Hi @seffyroff, could you please paste the current content of /var/snap/maas/common/maas/dhcpd.conf ?

Also please paste the output of maas $PROFILE vlan read fabric-0 11

https://termbin.com/w4pk1

~$ maas $PROFILE vlan read fabric-0 11
Success.
Machine-readable output follows:
{
    "vid": 11,
    "mtu": 1500,
    "dhcp_on": true,
    "external_dhcp": null,
    "relay_vlan": null,
    "fabric_id": 0,
    "id": 5002,
    "space": "default",
    "fabric": "fabric-0",
    "secondary_rack": "agrktm",
    "primary_rack": "k7shwa",
    "name": "homelab",
    "resource_uri": "/MAAS/api/2.0/vlans/5002/"
}

Note that I did just add a second rack controller to see if I could alleviate the issue. It did not help.

could you also please attach maas $PROFILE subnets read output?

The error in dhcp config seems to be related to the IPv6 address in the failover peer declaration, trying to understand why it’s configured like this.

@seffyroff, i’m taking over for @ack this week. did you find this yet?

Hi @billwear! thanks for your persistence. I’ve grabbed that output here: maas $PROFILE subnets read.

@seffyroff, so when i look at your subnets output, i see one IPv4 CIDR with DHCP on: “name”: “10.0.11.0/24”, and 196 IPv6 CIDRs with DHCP on. just a quick perusal at the end of the day, so don’t rule out 6 o’clock stupid. but does that make sense in your network?

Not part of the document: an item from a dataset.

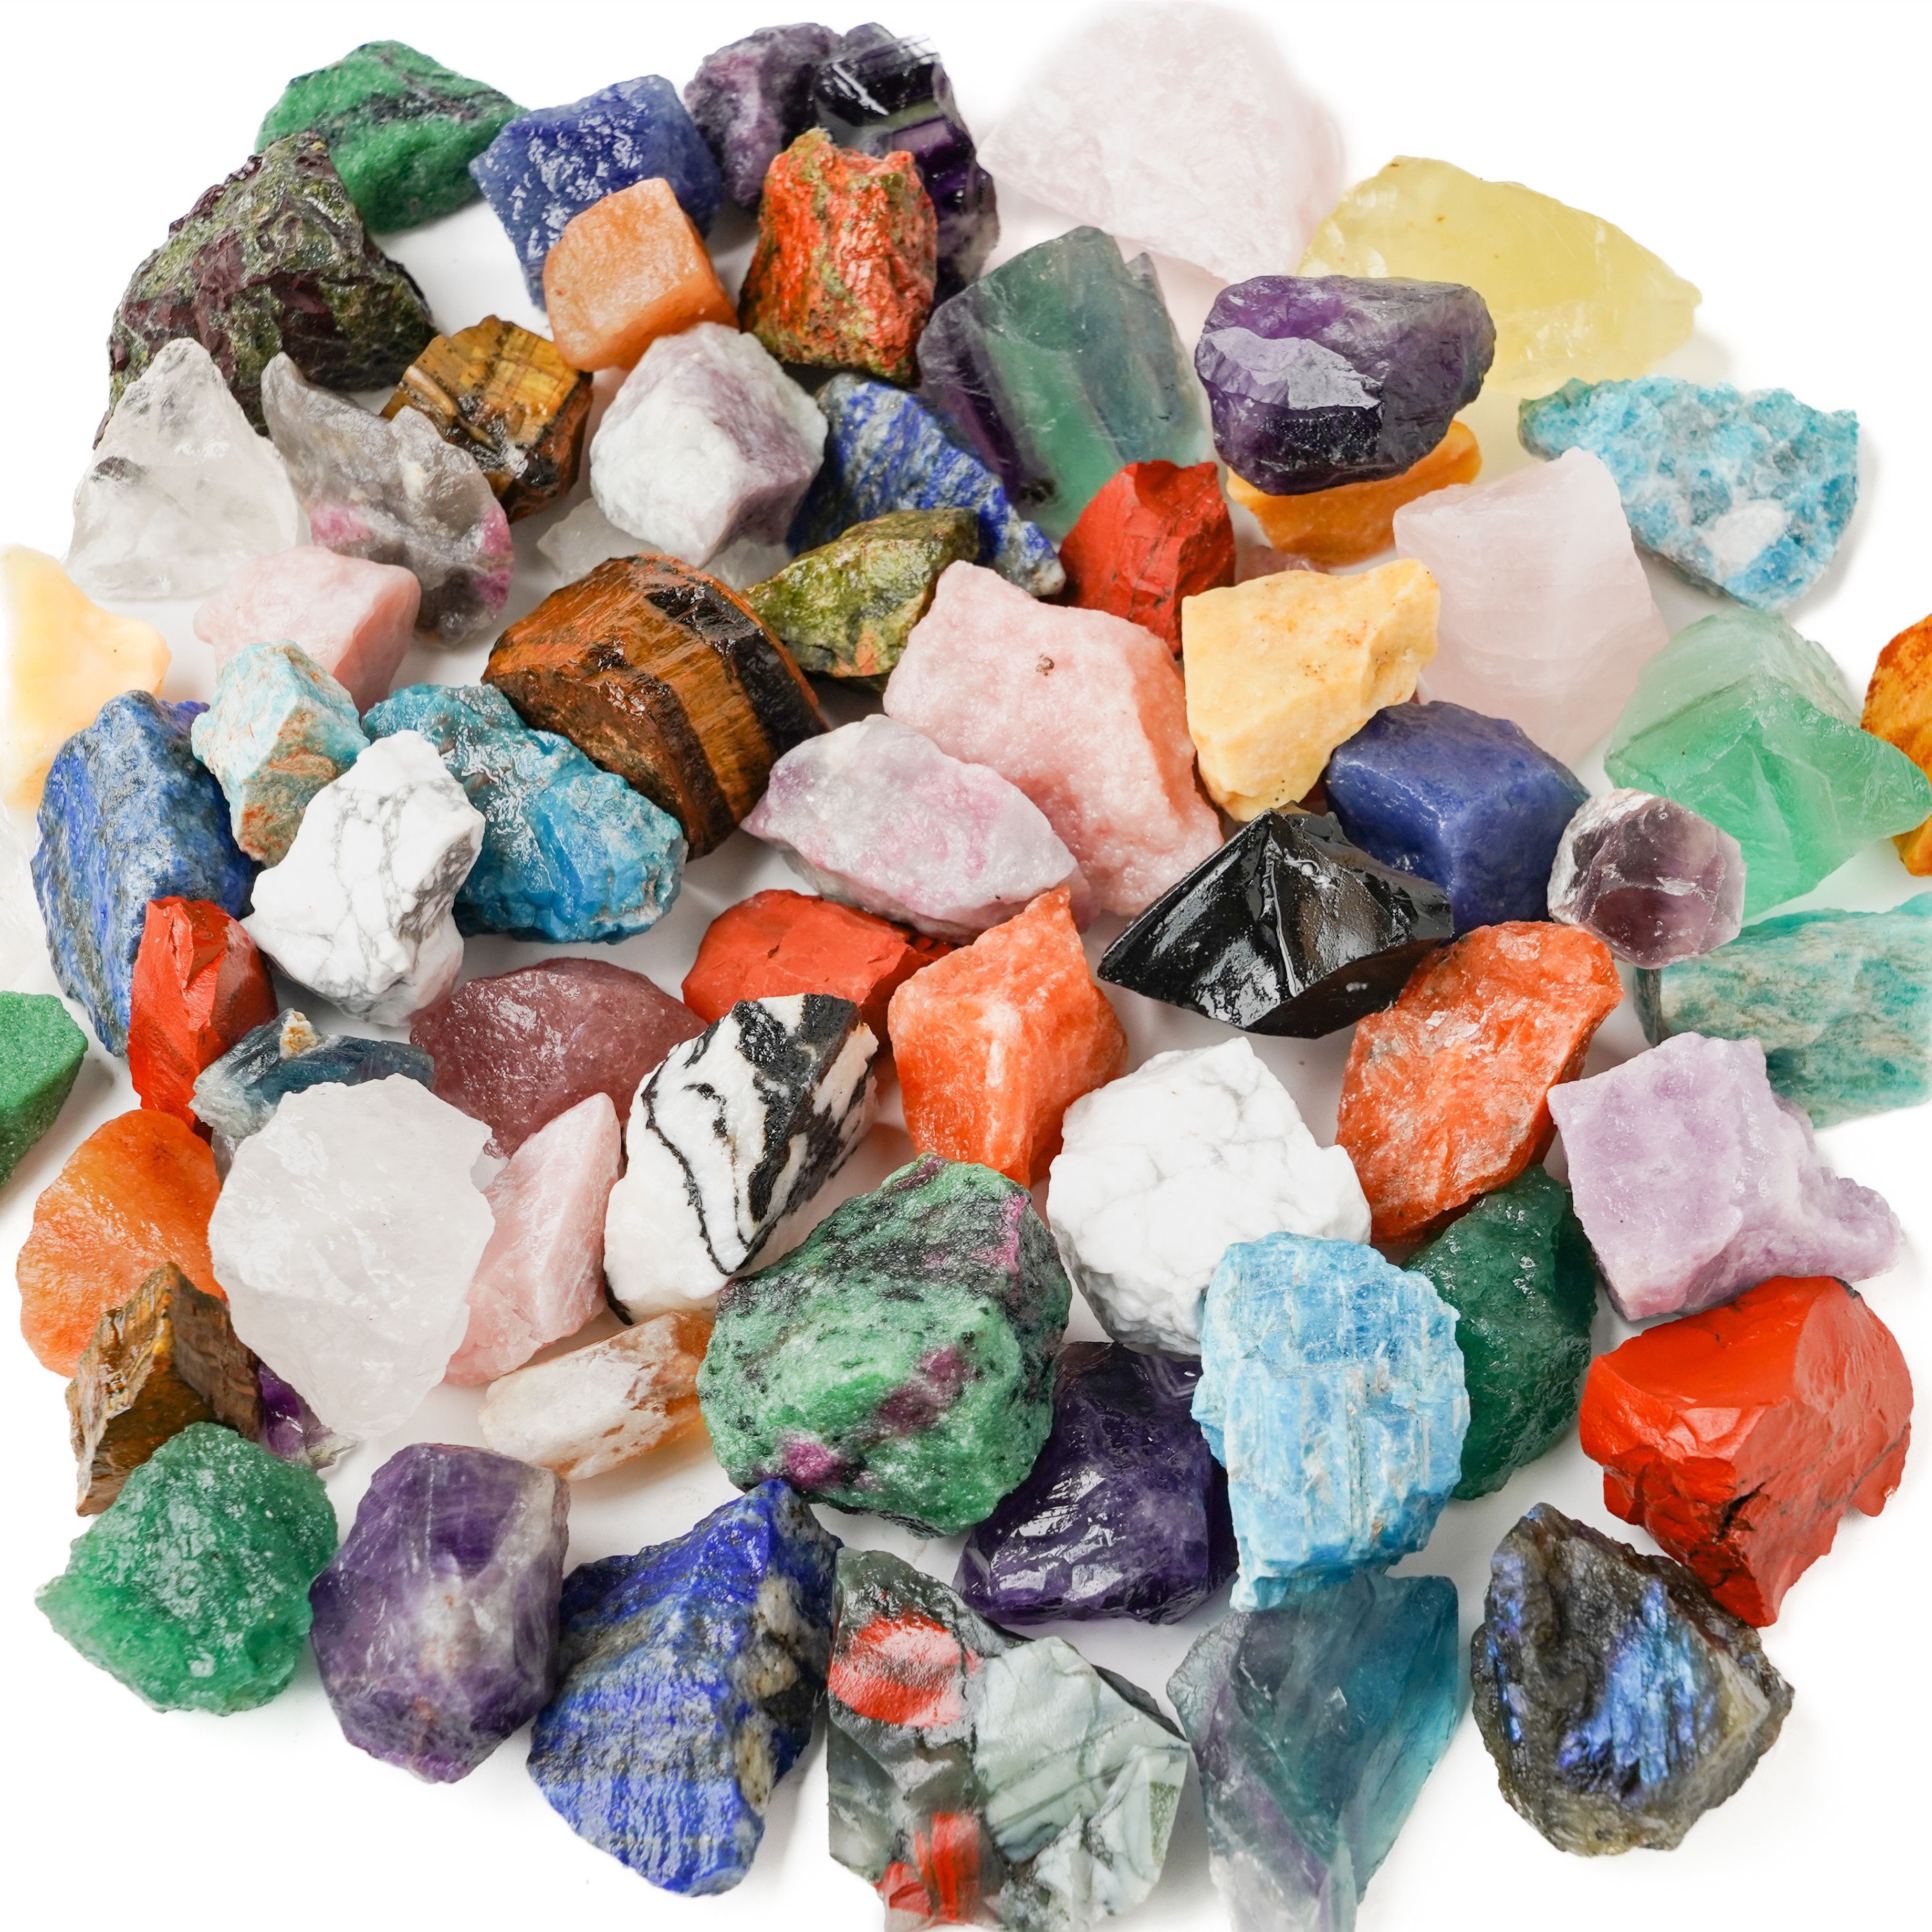  Yenoshi - Piedras preciosas crudas para decoración de piedras  preciosas de todo el mundo, muestras de cuarzo de cristal curativo,  muestras minerales - (color: gris claro) : Salud y Hogar

Hey @billwear it may well be that my approach of ‘turn it on and see what happens’ may require a little more thought than I had been led to believe. I shall take myself off to the IPV6 docs to see how to do it properly. If I have any grasp of this at all it’s that DHCP6 isn’t strictly necessary anyway so I should probably just turn that off. I’m definitely in the early stages of finding the edges of this. I appreciate your counsel. Having also recently been reminded that Juju doesn’t like IPV6 I might just put this on ice for a while.

As my approach when I get into a pickle is to repair rather than repave so I can gain some knowledge, I’ve removed IPV6 interfaces from the controllers. Those IPV6 subnets are still there, can I just delete the fabric and it’ll repop, or is there a straightforward way of manually cleaning up the subnets? I would guess perhaps a script that iterates over the subnets and deletes each offending one?

EDIT:
I wonder if using some logical grouping might help - I can add all the fabrics/vlans/subnets into one space, then delete anything that isn’t in that space - or perhaps add the ones I don’t want into another space and delete the whole space.

Or not… :slight_smile:

@seffyroff, i see i missed your questions. bleh, bad me. before diving in, did you figure out the answers?